Bürgermeister Dr. Andreas J. Wulf wies vor der Abstimmung darauf hin, dass der Antrag so nicht umsetzbar sei. Es sei noch nicht beschlossen, welche Flächen als Reserveflächen für eine eventuelle Friedhofserweiterung anzusehen sind. Außerdem sei es nicht zweckmäßig, dass die Friedhofserweiterungsflächen nicht an einen Landwirt verpachtet werden sollen. Bisher hat ein Landwirt diese Flächen gemäht. Zukünftig müsste das dann der Bauhof machen, was mit neuen Kosten für die Gemeinde verbunden wäre. Diese Bedenken wurden nicht aufgegriffen.
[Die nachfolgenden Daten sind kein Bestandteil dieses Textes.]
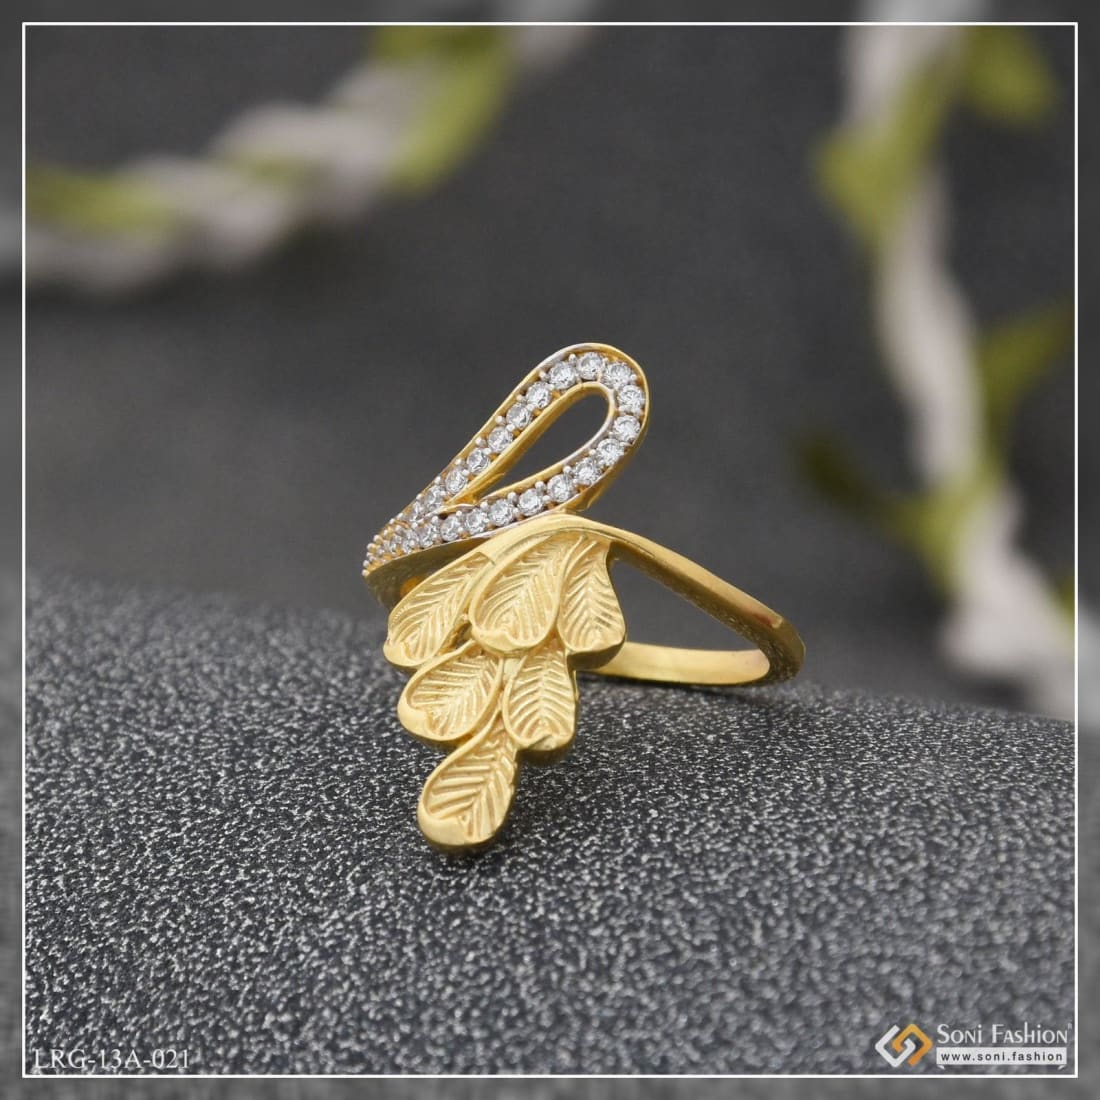 22k Gold Ring Beautiful Enameled Stone Studded Ladies Jewelry Select Size  Ring 2 | eBay

Allerdings wurde der Ausschuss für öffentliche Einrichtungen vom Rat beauftragt, über die Friedhofserweiterungsflächen zu beschließen.

 

Neben CDU- und FDP-Fraktion schlug auch der Bürgermeister vor, den Antrag von SPD und FWG in den Ausschuss für Bau, Planung und Umwelt zur Beratung zu verweisen. Wie zuvor Harald Schultze wies Dr. Wulf darauf hin, dass Teile des Konzepts für das Römertagegelände noch vor einem halben Jahr den Zuspruch von SPD und FWG-Fraktion gefunden hätten. Jürgen Czolbe (FWG) hatte ausdrücklich die Planungen für den Wanderweg, die Bänke und die Obstwiesen befürwortet.
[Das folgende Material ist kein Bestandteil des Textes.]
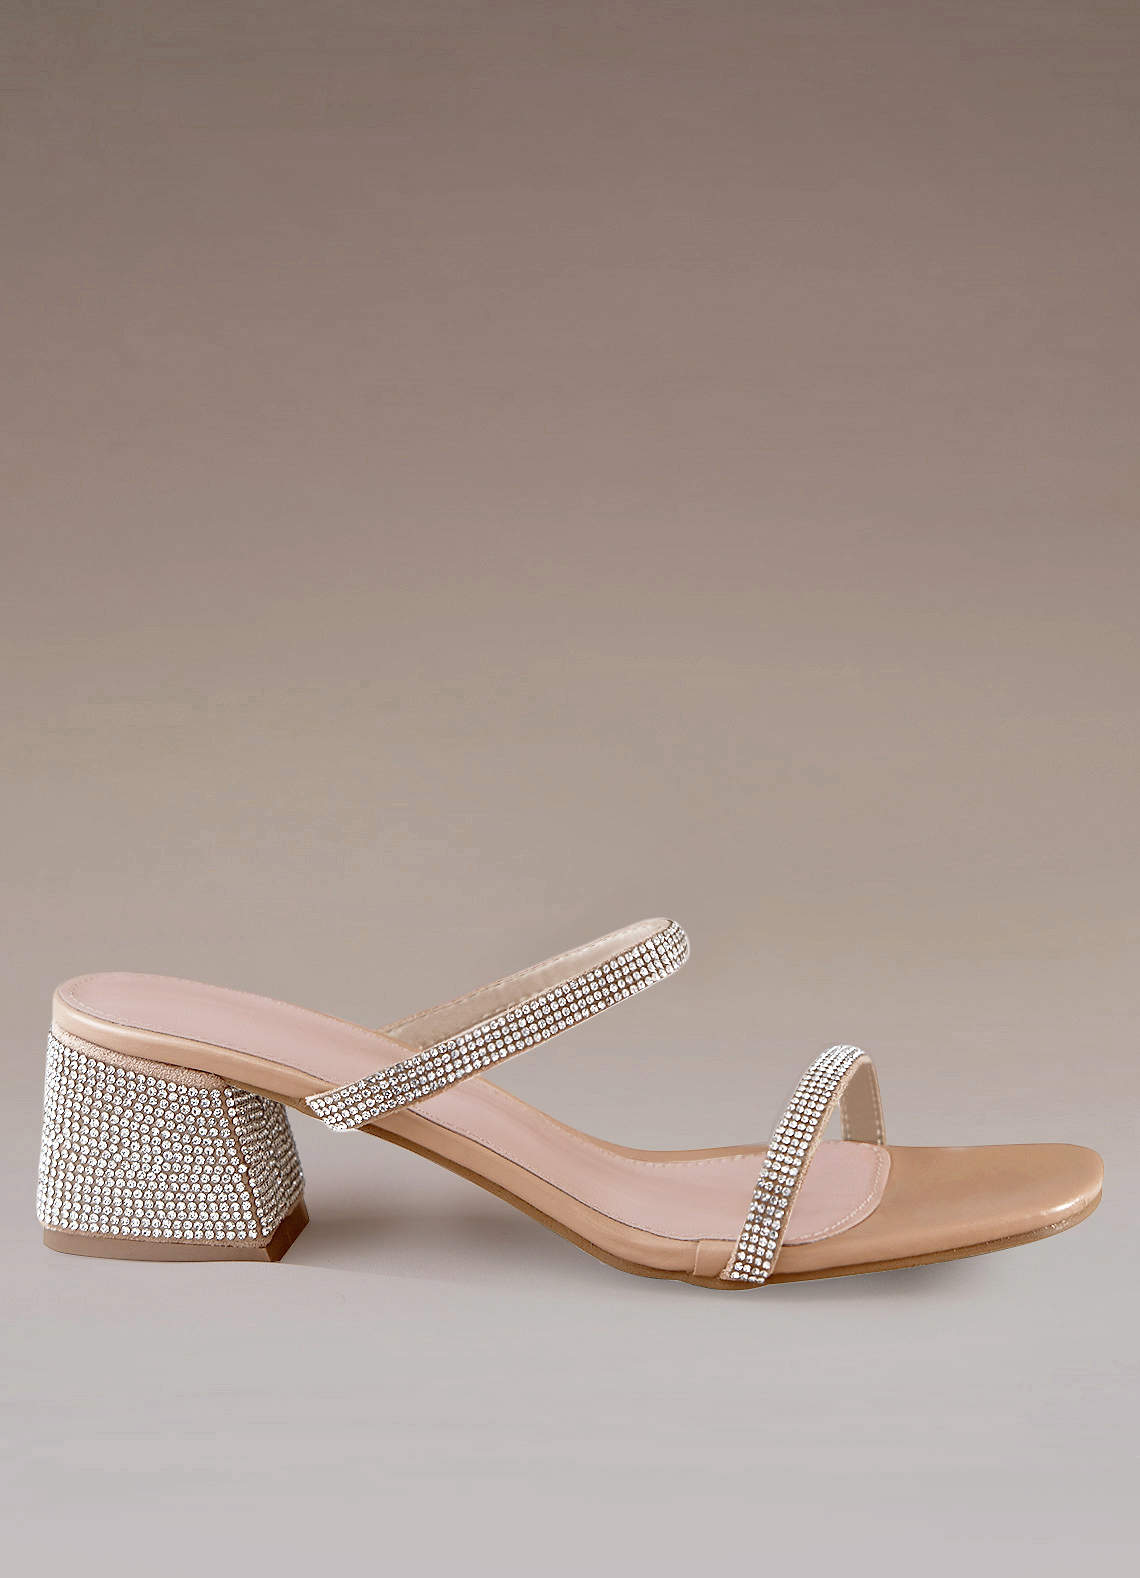 Heeled sandals with rhinestone straps - Women

Der Bürgermeister bestätigte, dass es Privatpersonen gäbe, die der Gemeinde Bänke schenken wollten. Die Verlegung des Wanderweges Nr. 11 von der Haustenbecker Straße über das Römertagegelände werde voraussichtlich vom Land NRW finanziell gefördert. Die Gemeinde sollte kein Geld, dass das Land ihr schenken will, ausschlagen.

 

Es sei daher zweckmäßig, so Dr. Wulf, im Ausschuss für Bau, Planung und Umwelt darüber zu beraten, ob nicht doch die Teile des Konzeptes, die die Gemeinde kaum Geld kosten, umgesetzt werden sollen. Das sei auch ein Beitrag zur Förderung des Tourismus, den alle Fraktionen noch im Wahlkampf wollten.

 

SPD und FWG ließen sich aber nicht auf den Wunsch auf Verweisung in den Ausschuss ein. Über das Thema Römertagelände sei lange genug geredet worden, sagte Heinrich-Georg Schneider (SPD). Jürgen Czolbe, Fraktionsvorsitzender der FWG, sagte, es bestehe Handlungsbedarf. Der Rat müsse einschreiten, denn die Planungen seien weit fortgeschritten. Auch die Zusicherung des Bürgermeisters, bis zur Sitzung des Ausschusses keine Maßnahmen umzusetzen, brachte keine Veränderung mehr.

 

Der Bürgermeister fragte abschließend, ob er die Fördergelder, die die Gemeinde demnächst erhalte, zurückweisen soll. Und ob er die Bänke, die Privatpersonen der Gemeinde schenken wollen, nicht annehmen soll. Die Frage wurde von Jürgen Czolbe und Heinrich-Georg Schneider mit „Ja" beantwortet.